SUPPLIED DATA
════════

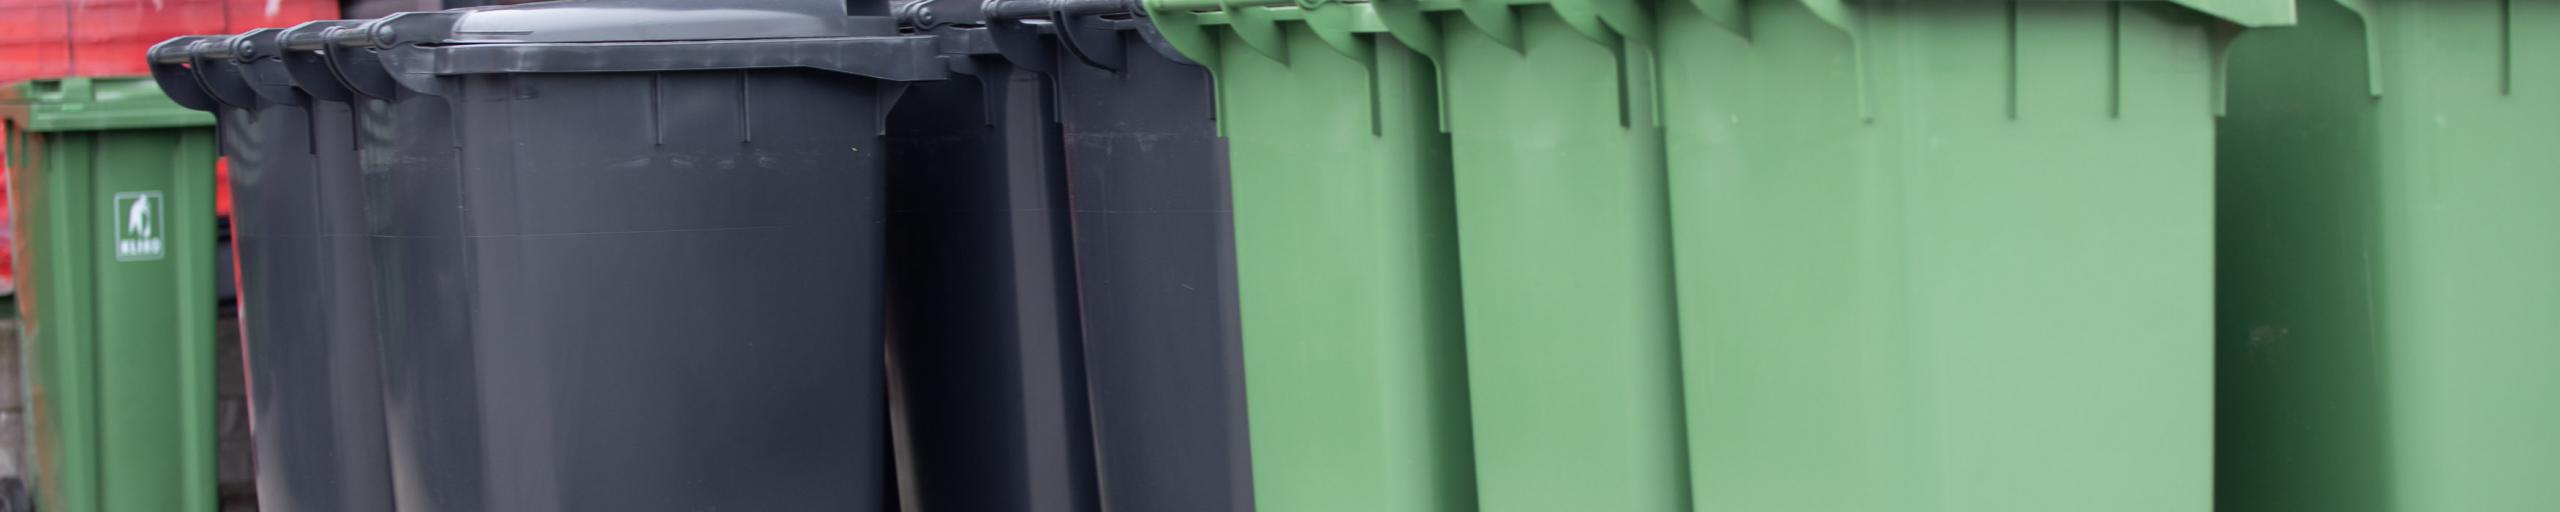 Groene en grijze containers op het afvalbrengstation
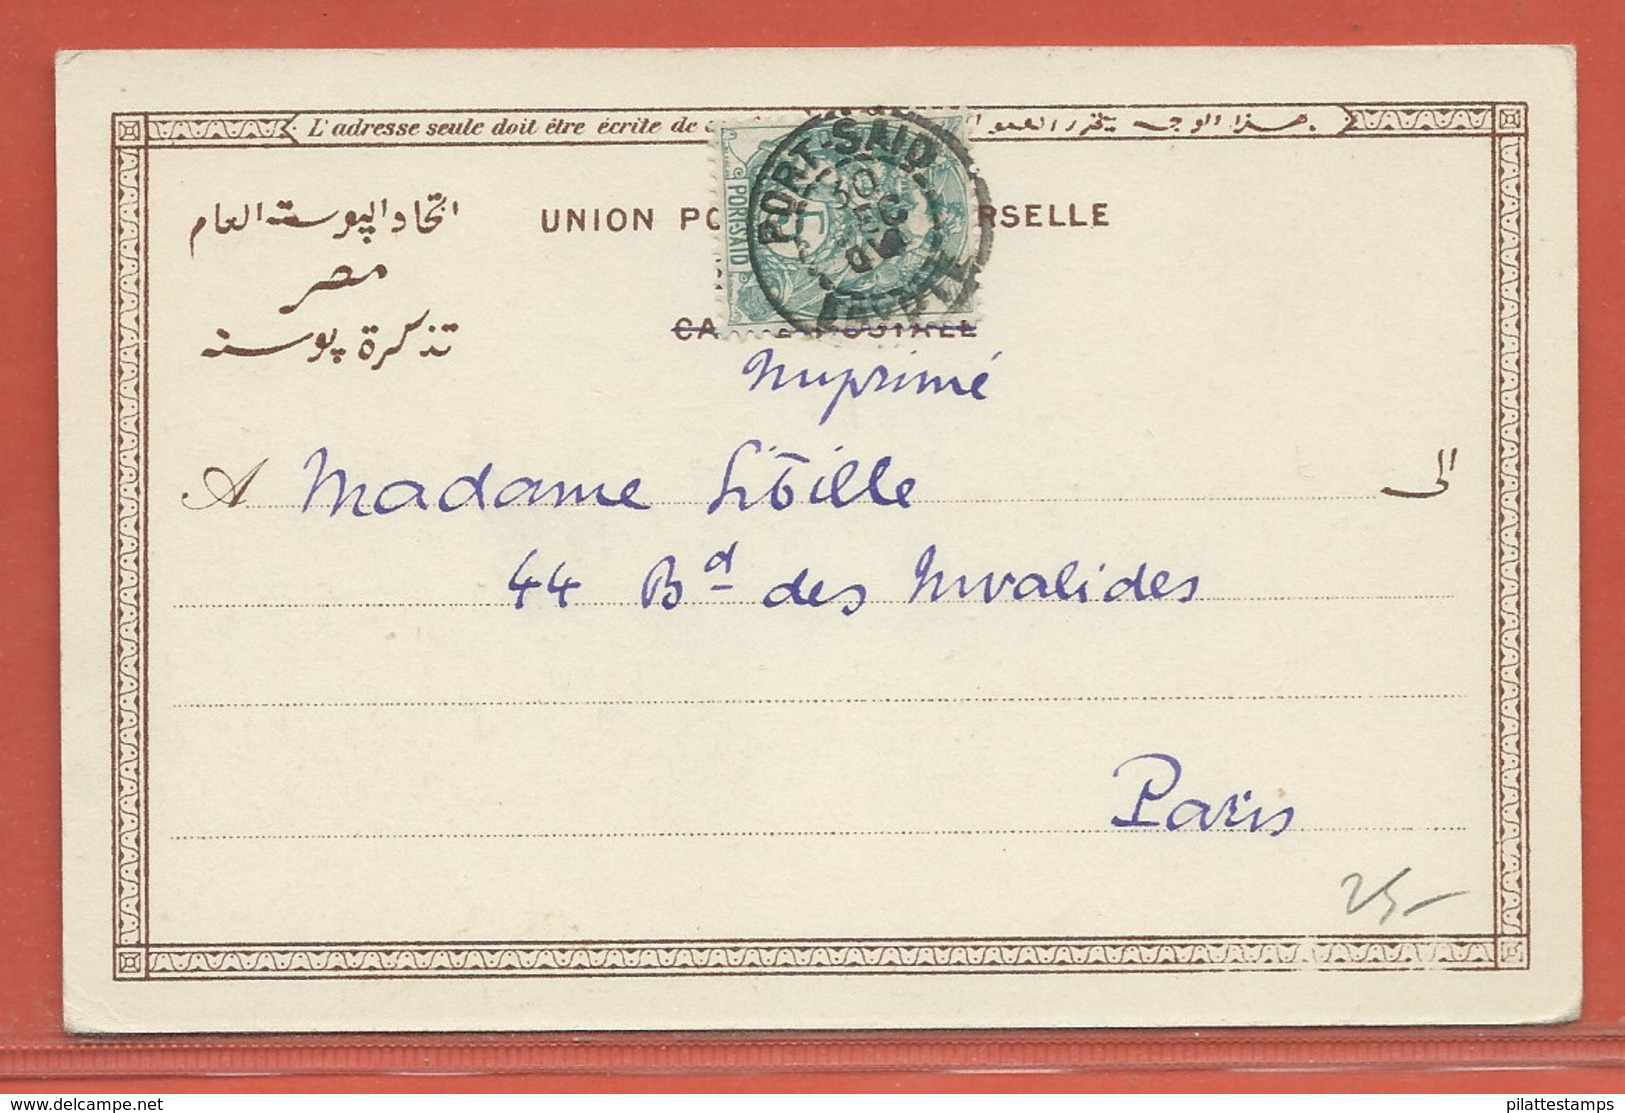 PORT SAID CARTE POSTALE AFFRANCHIE DE 1906 POUR POUR PARIS FRANCE - Covers & Documents
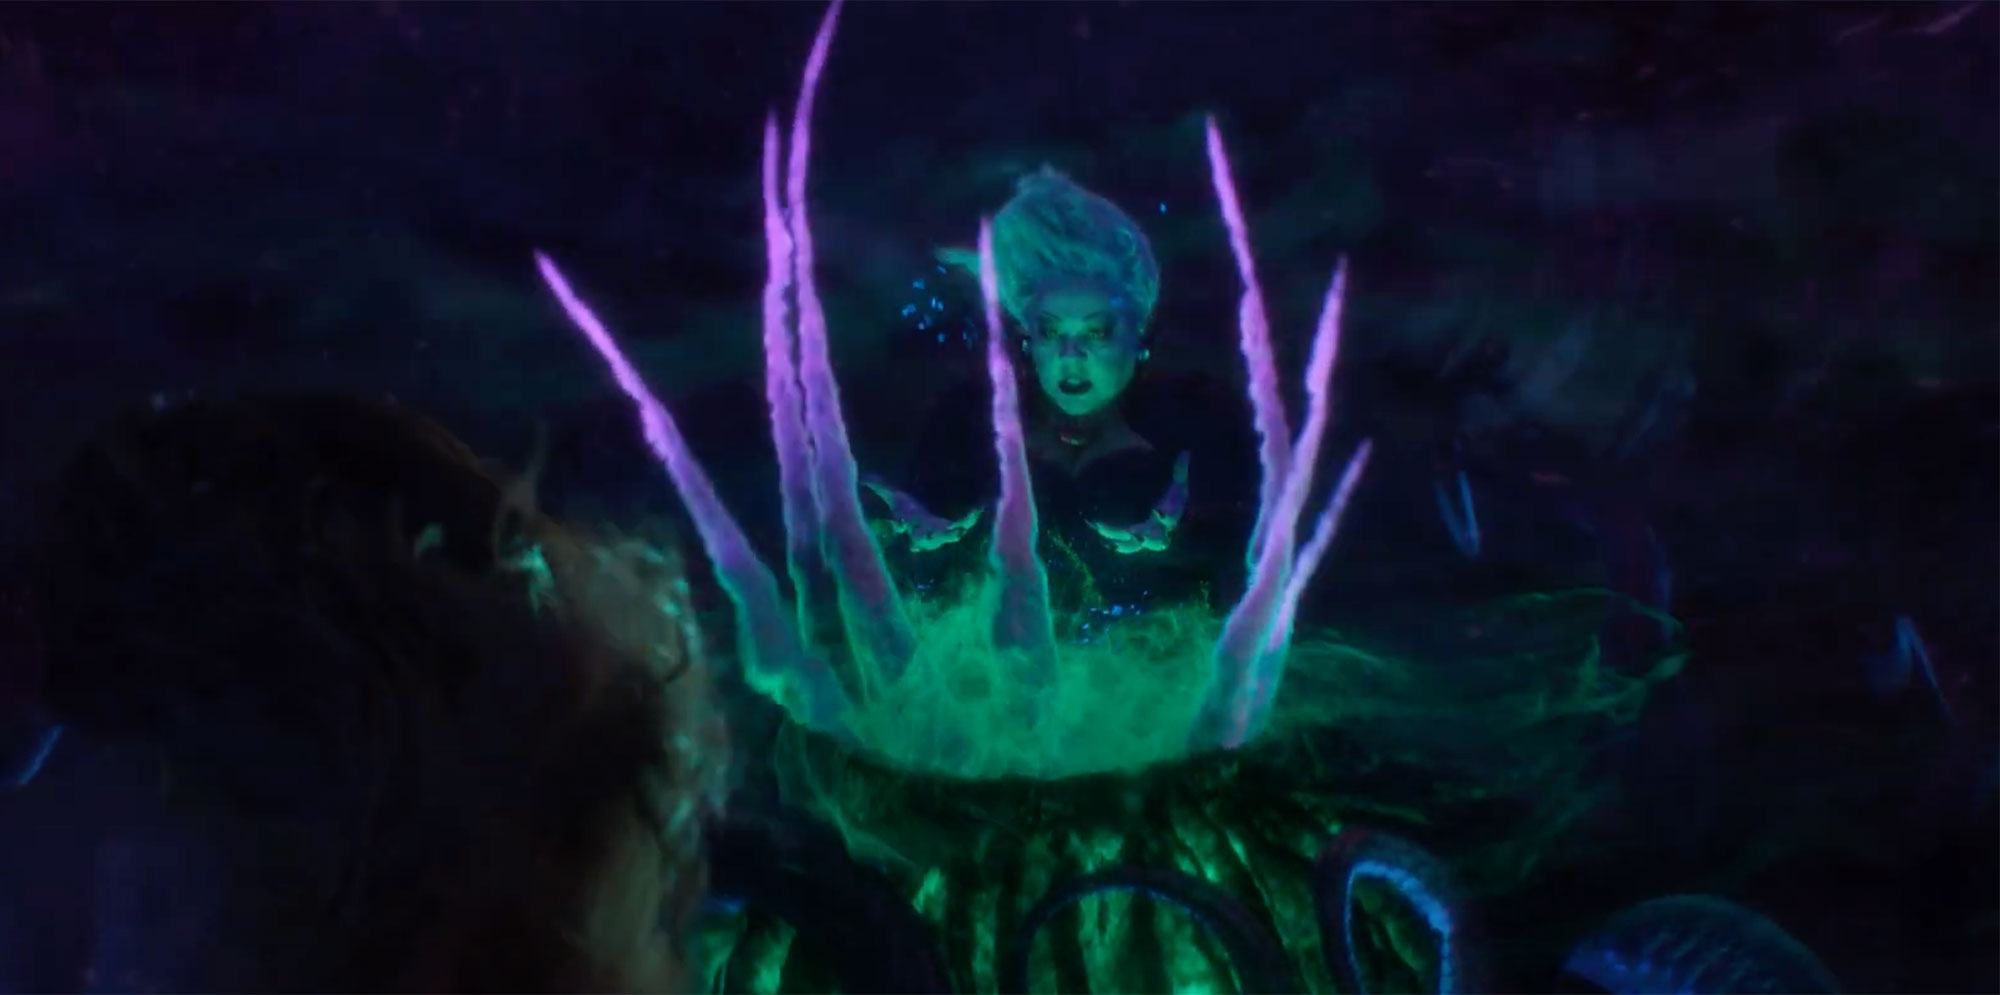 Ursula là một phần quan trọng của bộ phim này
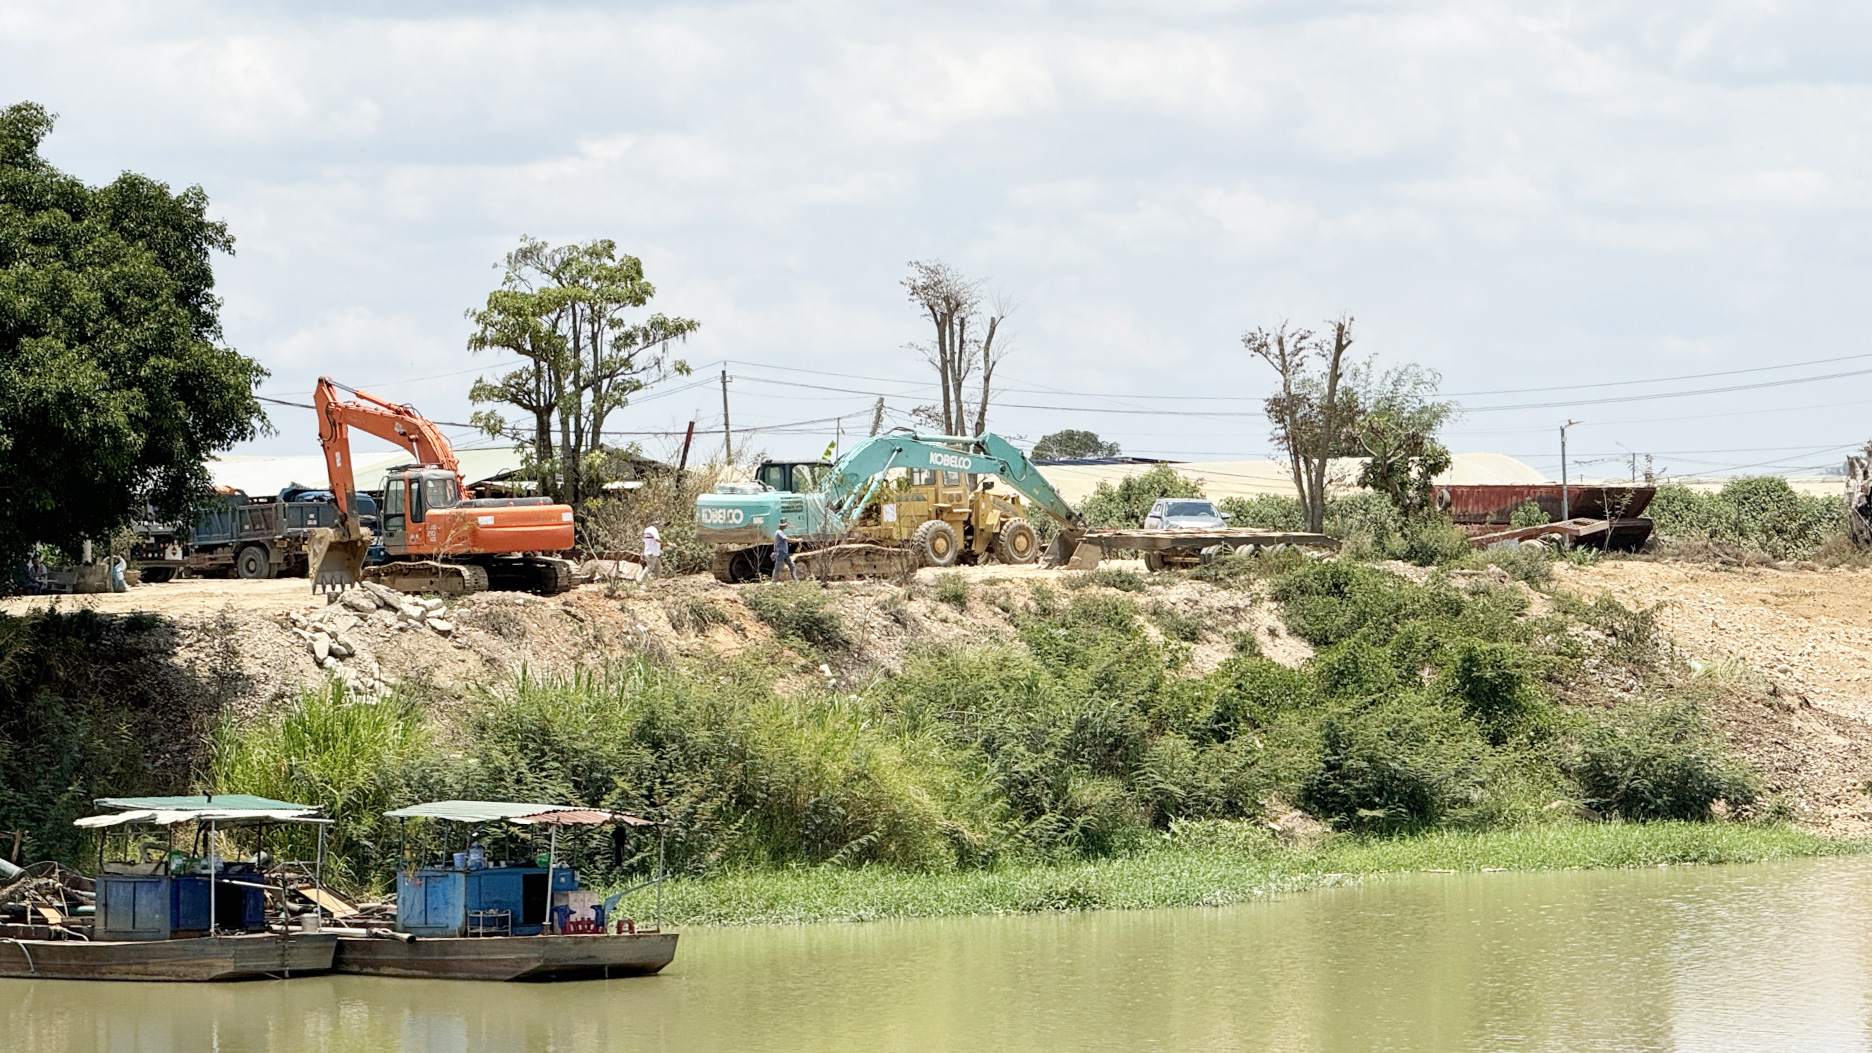 Đoàn Đại biểu Quốc hội tỉnh Lâm Đồng yêu cầu huyện Đơn Dương giải trình các vấn đề liên quan đến khai thác khoáng sản

════════

EXERCISE PROMPT
Reproduce, word for word, the lines from the one containing "Ursula là một" through the final line above. Leave every picture out.

REPLY TO THE TASK
 Ursula là một phần quan trọng của bộ phim này
 Đoàn Đại biểu Quốc hội tỉnh Lâm Đồng yêu cầu huyện Đơn Dương giải trình các vấn đề liên quan đến khai thác khoáng sản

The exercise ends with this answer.